BEGIN
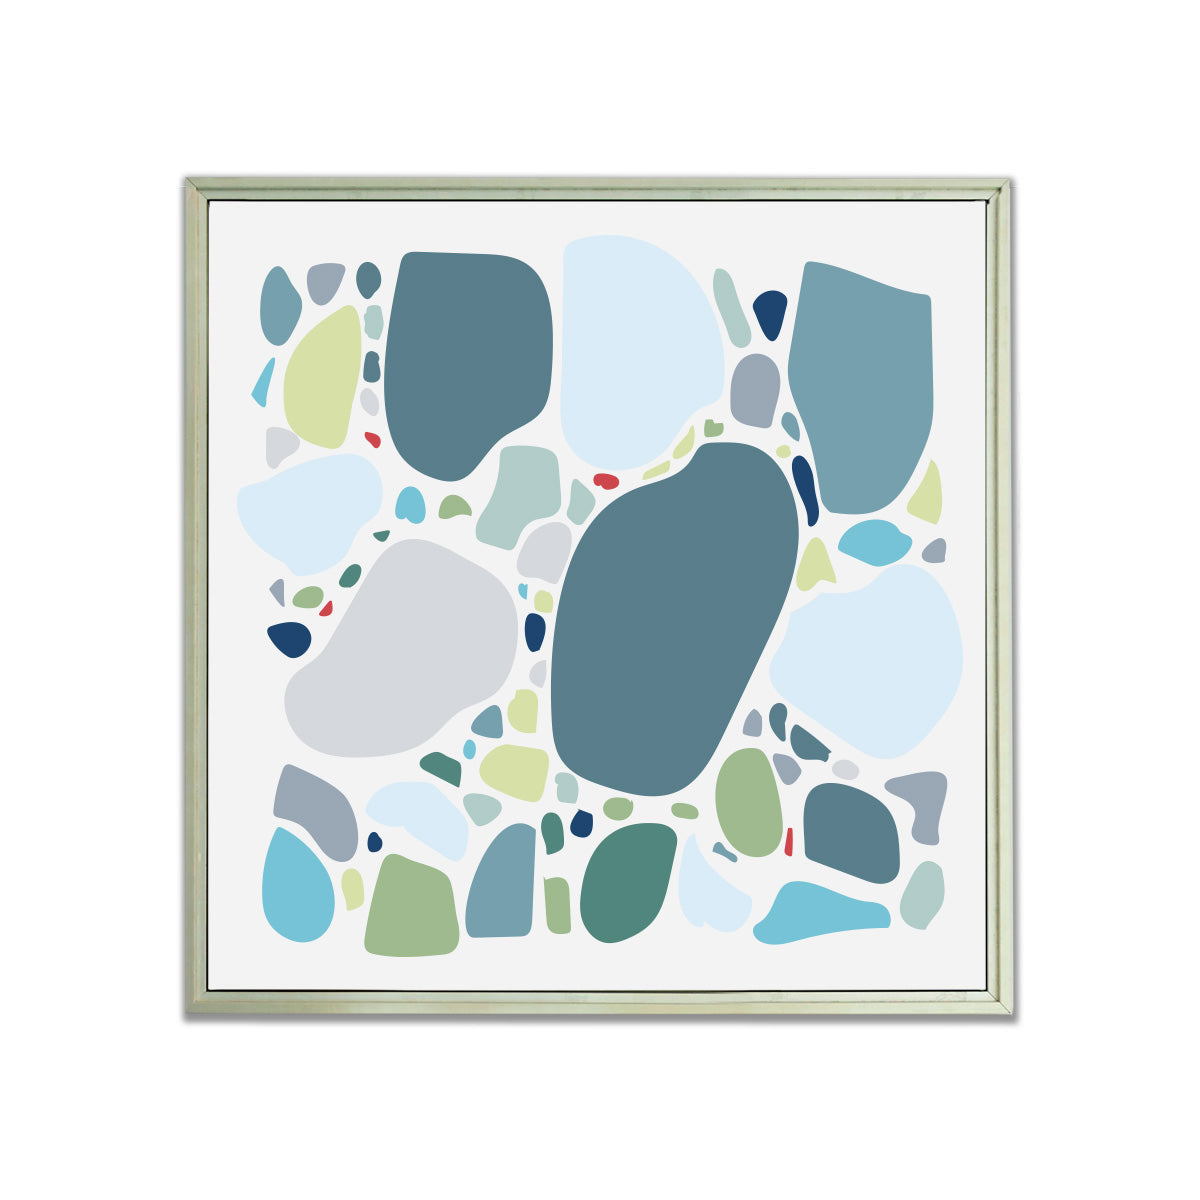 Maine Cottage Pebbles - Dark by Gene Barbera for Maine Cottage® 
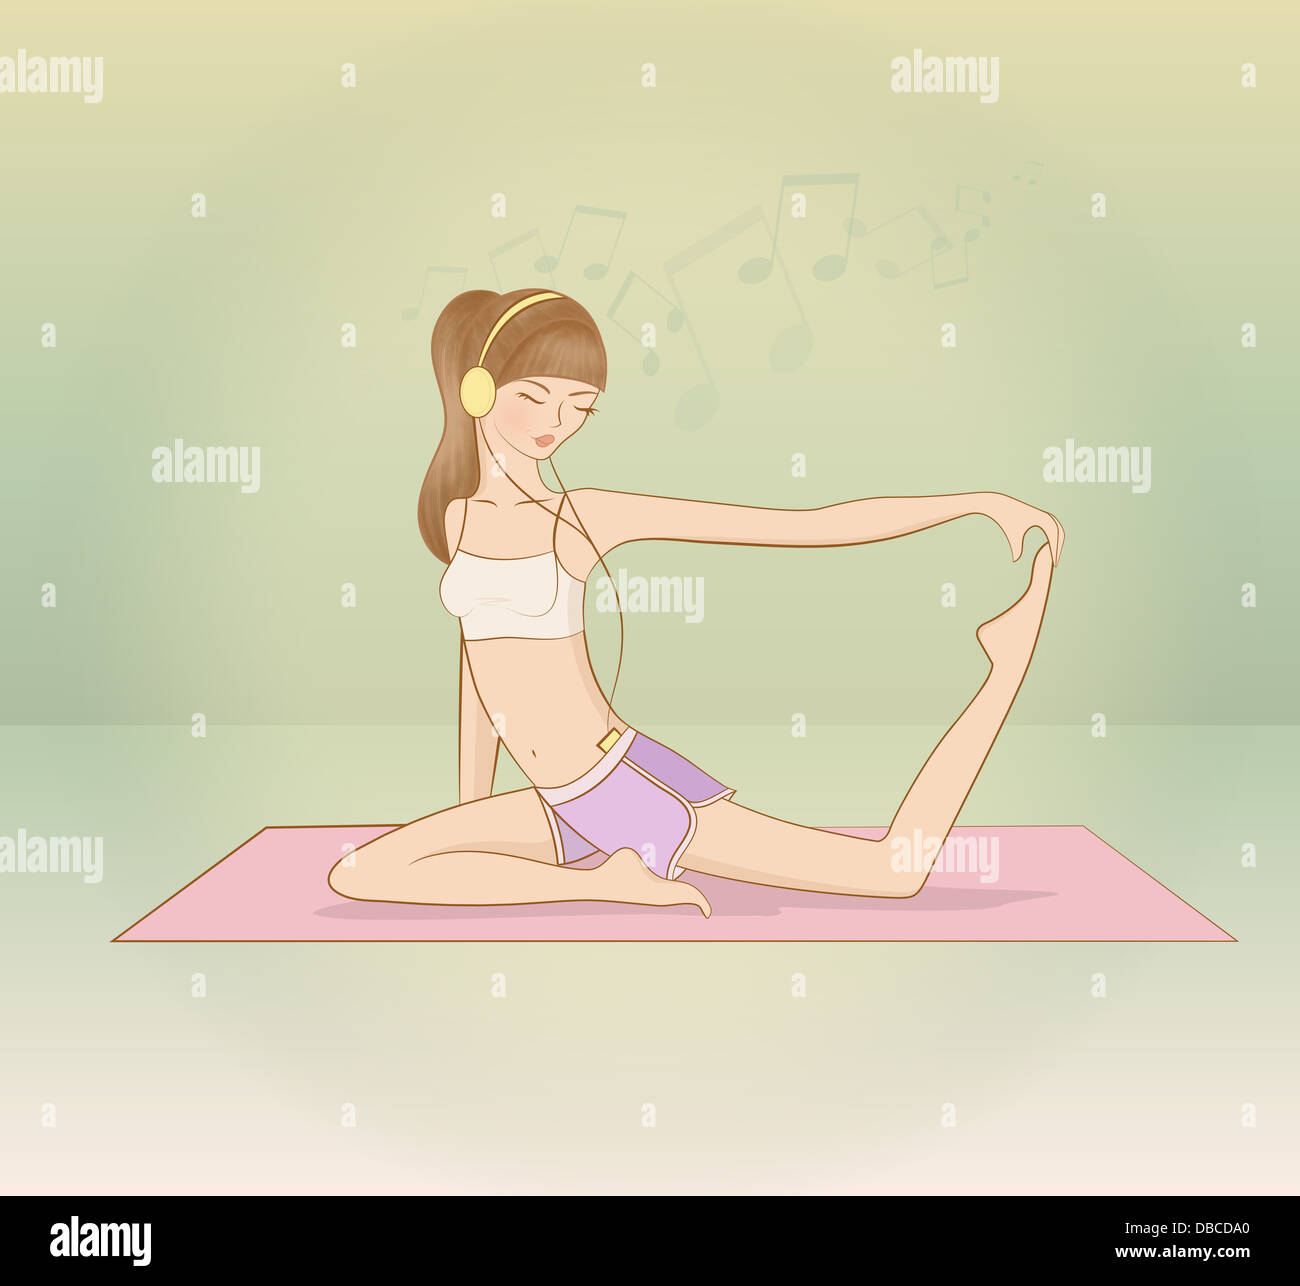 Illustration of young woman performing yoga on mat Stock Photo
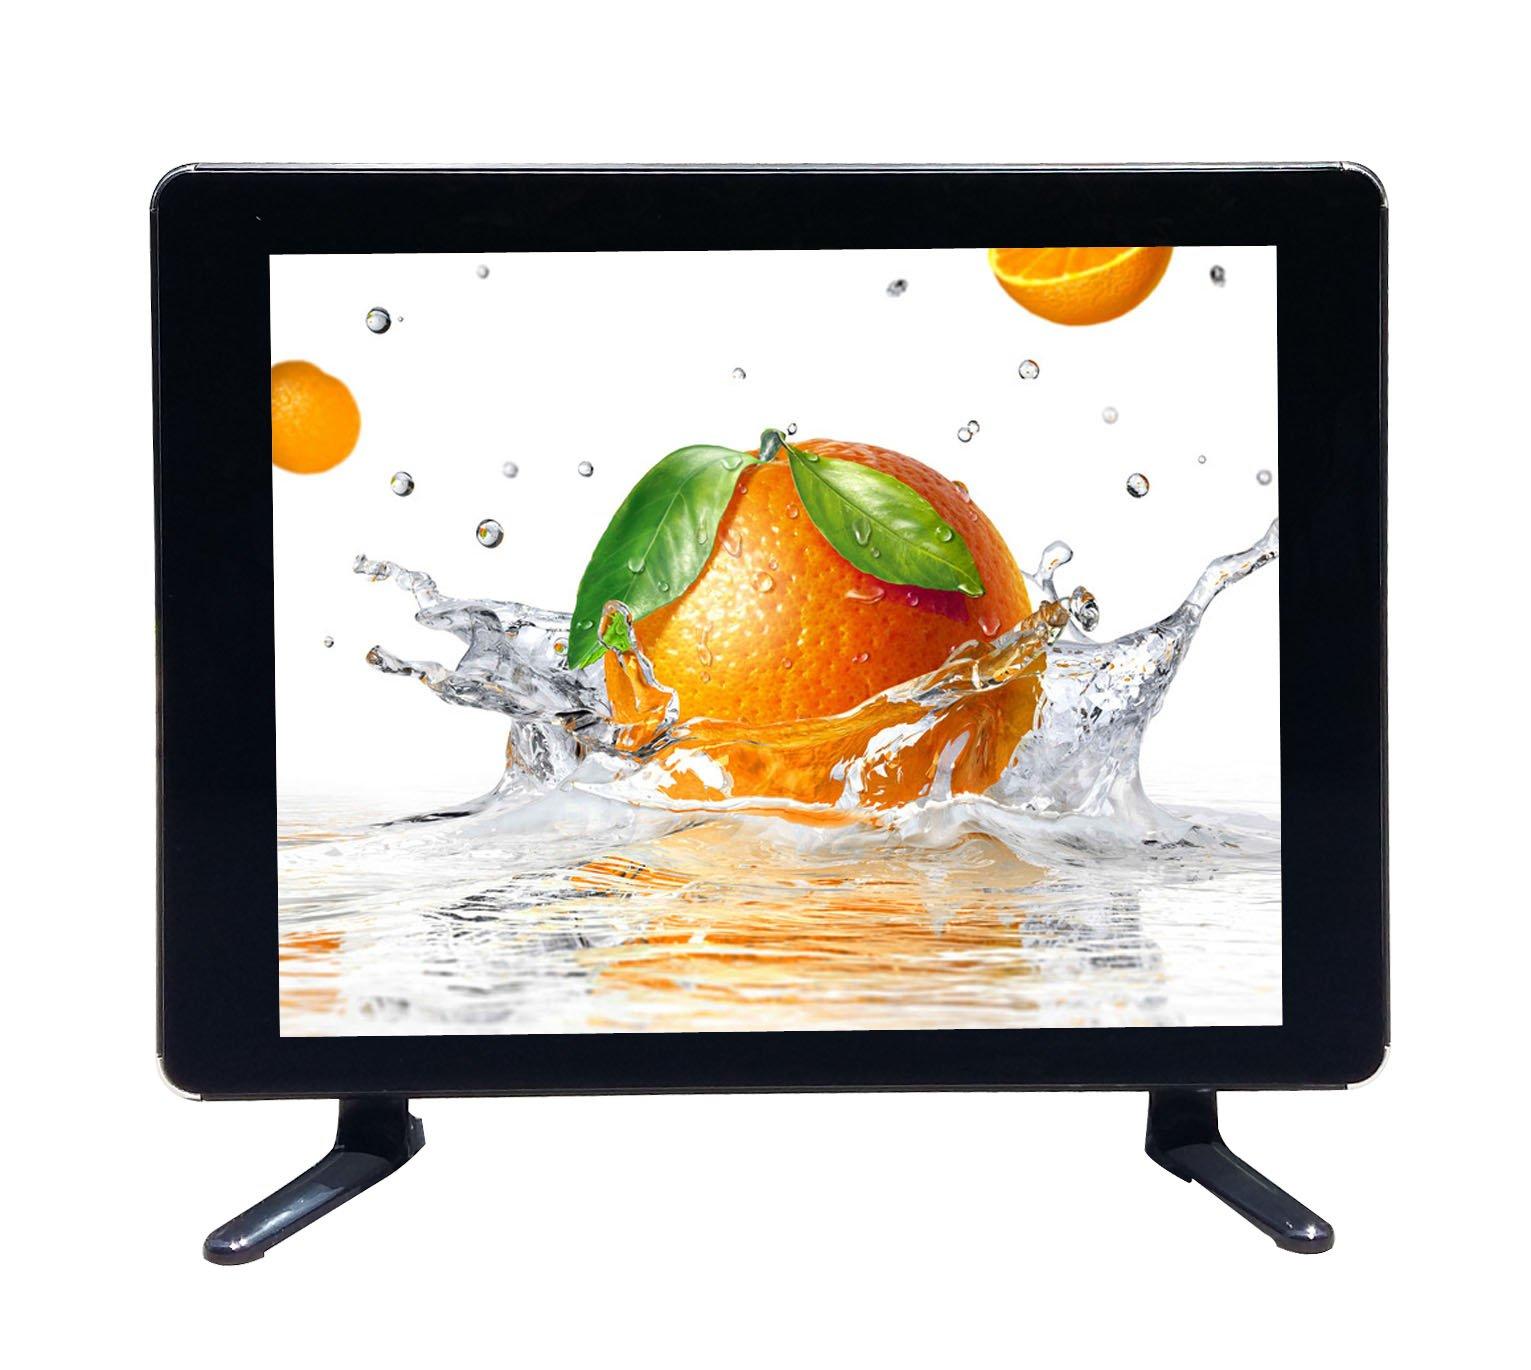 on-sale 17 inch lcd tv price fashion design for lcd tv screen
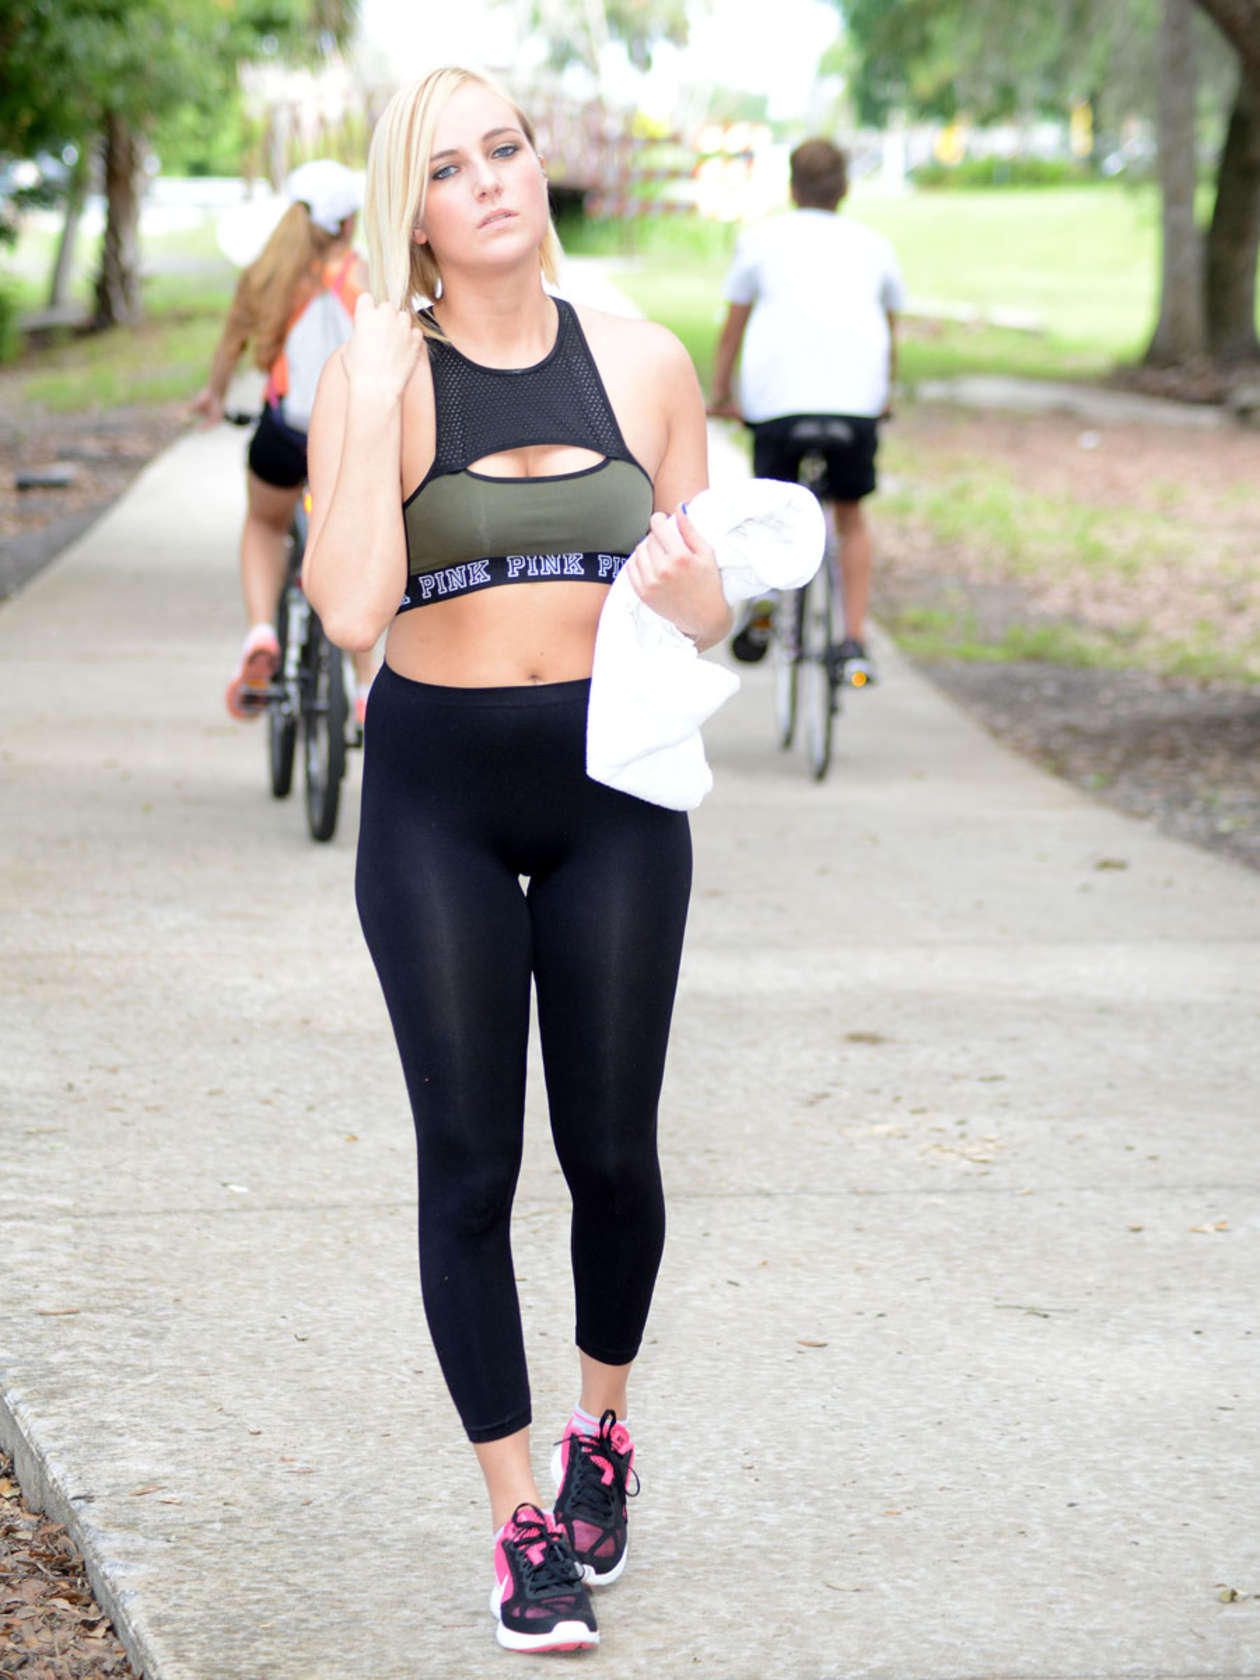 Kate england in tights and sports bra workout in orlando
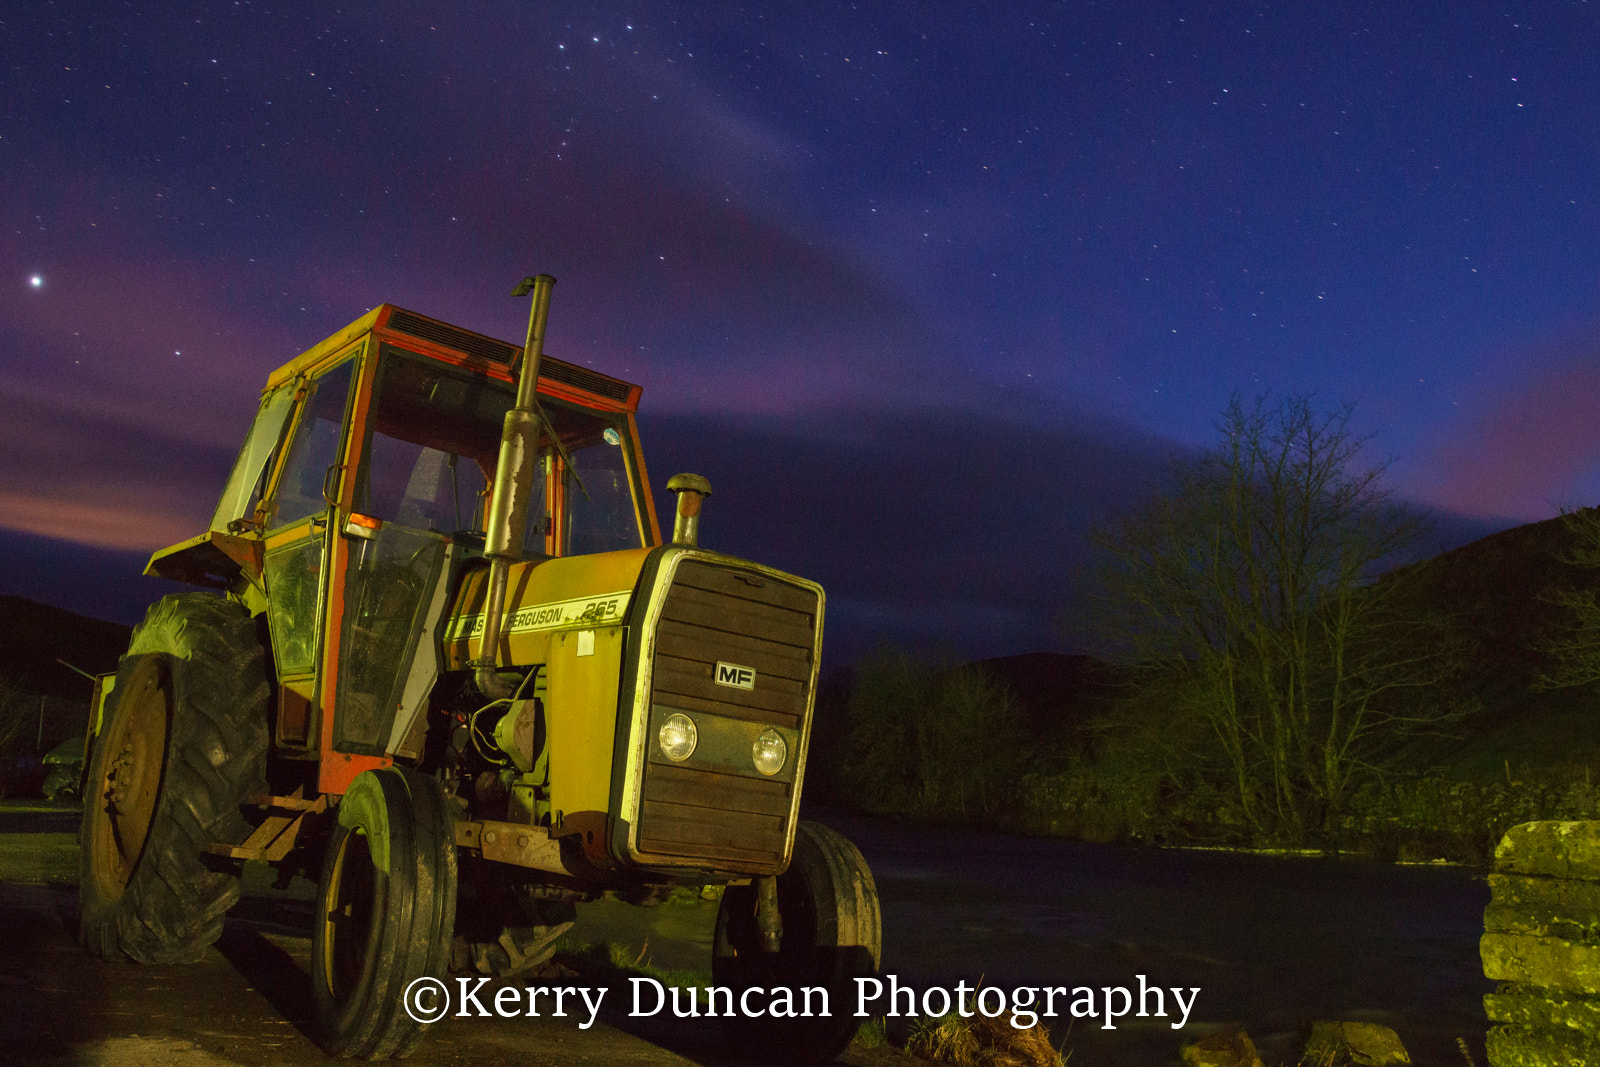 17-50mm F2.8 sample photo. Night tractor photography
END
Omit the pictures, then set down all the remaining data exactly as given.

 Maine Cottage Pebbles - Dark by Gene Barbera for Maine Cottage® 
 Illustration of young woman performing yoga on mat Stock Photo
 on-sale 17 inch lcd tv price fashion design for lcd tv screen
 Kate england in tights and sports bra workout in orlando
 17-50mm F2.8 sample photo. Night tractor photography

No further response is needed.